La visione ecocentrica non è nuova antropologicamente. La cultura mitologica e politotemica degli
aborigeni australiani (Aranda, Yolgnu ecc.) è ecocentrica. Tutta la visione cosmologica degli
Amerindi del Nord con il Grande Spirito (Wakanda o Wakan Tanga dei Sioux, Manitù degli
Algonchini, Manito dei Navajos, Orenda degli Irochesi) era centrato sulla natura e sulla sua
bellezza da contemplare in preghiera estatica.

La riflessione socioantropologica - per non parlare degli ecologi e della antropologia ecologica di
Rappaport - sembrerebbe suggerire un finale amartico al copione storico dell’ Homo sapiens, che da
“vincente” (dal Paleolitico-Neolitico) si starebbe trasformando in “perdente”. Noi siamo portati a
confidare sulle enormi doti di recupero dell’ Homo sapiens: fu Lui che - ridotto a gruppo in via di
estinzione, circa sessantamila anni fa - risalì dalla Great Rift Valley per irradiarsi nel mondo. Alla
abilità di cacciatore-tracker, di ingegnoso inventore di armi e utensili, aggiunse la risorsa “vincente”

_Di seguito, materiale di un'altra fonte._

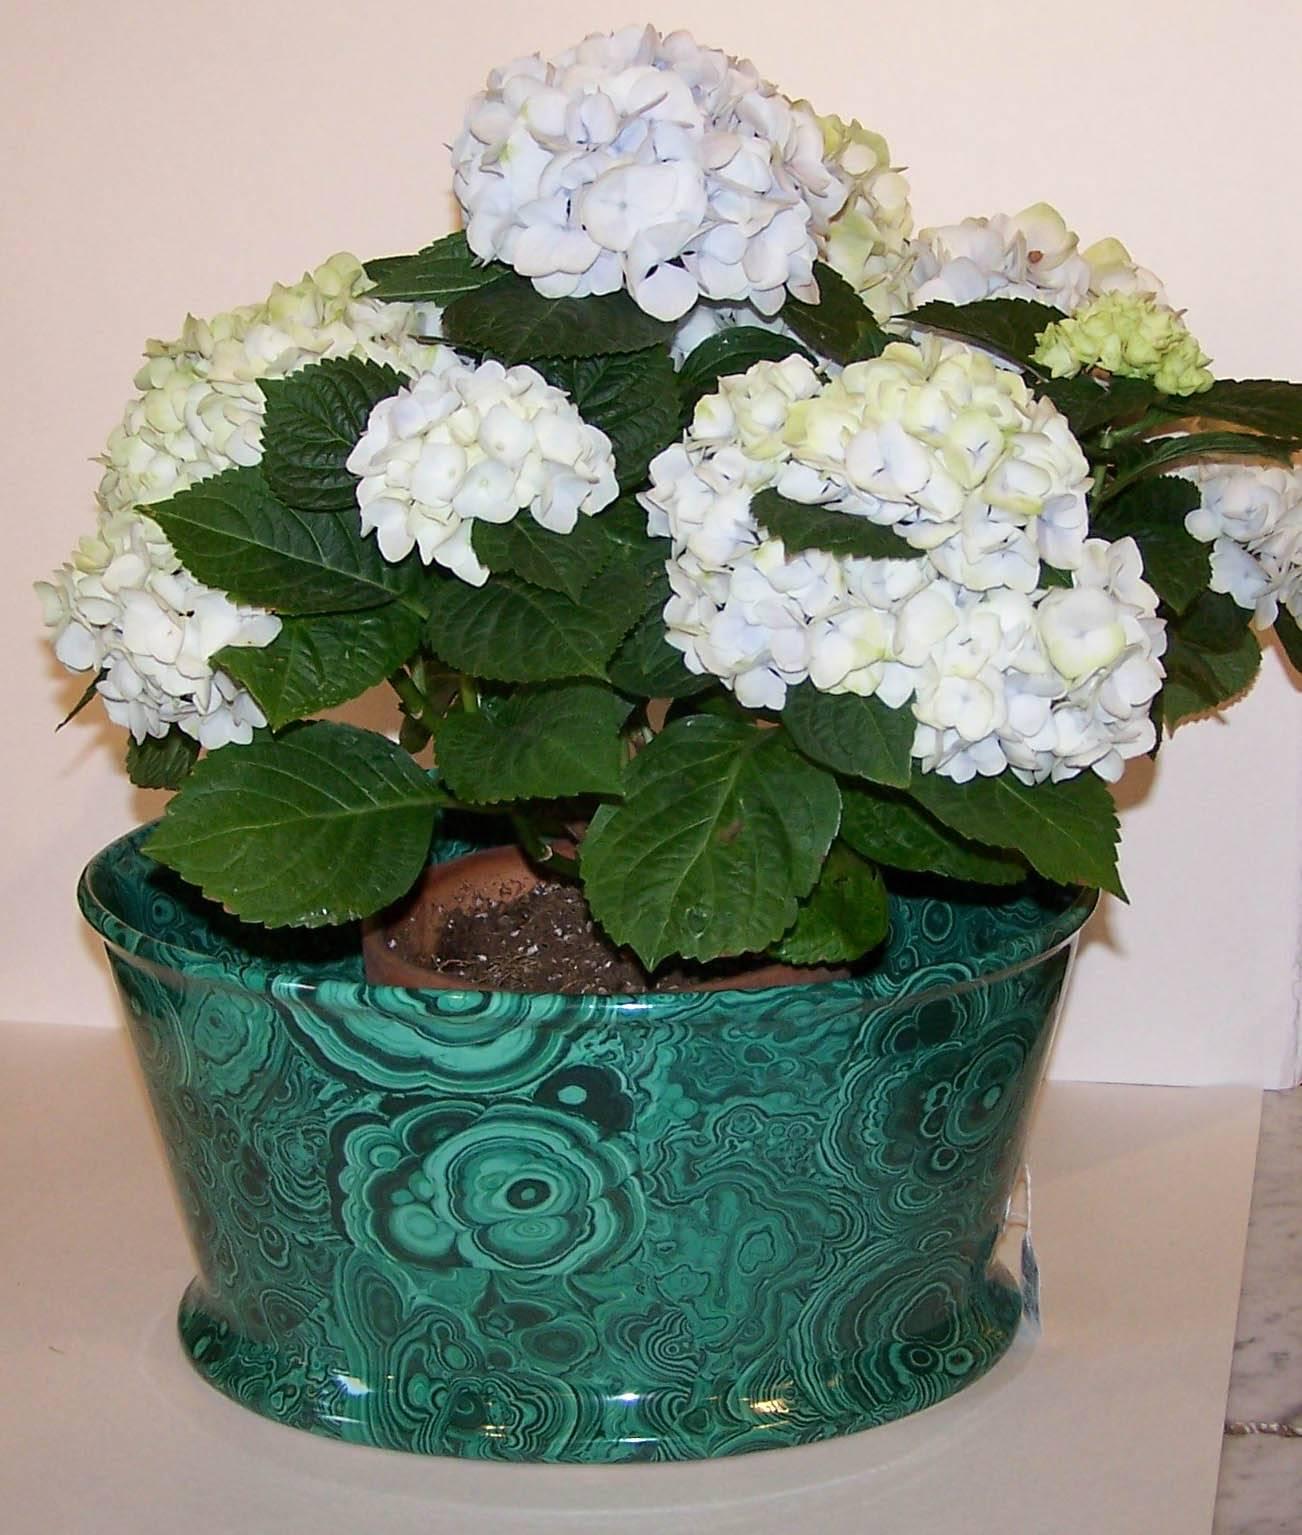 We are pleased to offer this large porcelain planter with malachite decoration. The overall green color makes it ideal for holding flowering plants (see image #2). Any flowering plant will look great. A large orchid would work well here. An

e divenne l’unico Homo in grado di Logos, quel Logos che finì per farlo prevalere su tutti, quel
Logos che attraverso il linguaggio articolato-simbolico gli avrebbe consentito tutto quello che la
Natura non avrebbe mai previsto. Anche di curare, perché l’uomo non ammala solo di fisicità: di
metafora ammala e di metafora guarisce. E l'abbiamo già detto: “il rimedio contro i demoni sono
sempre state le parole magiche” (Berne, p.235, 1972).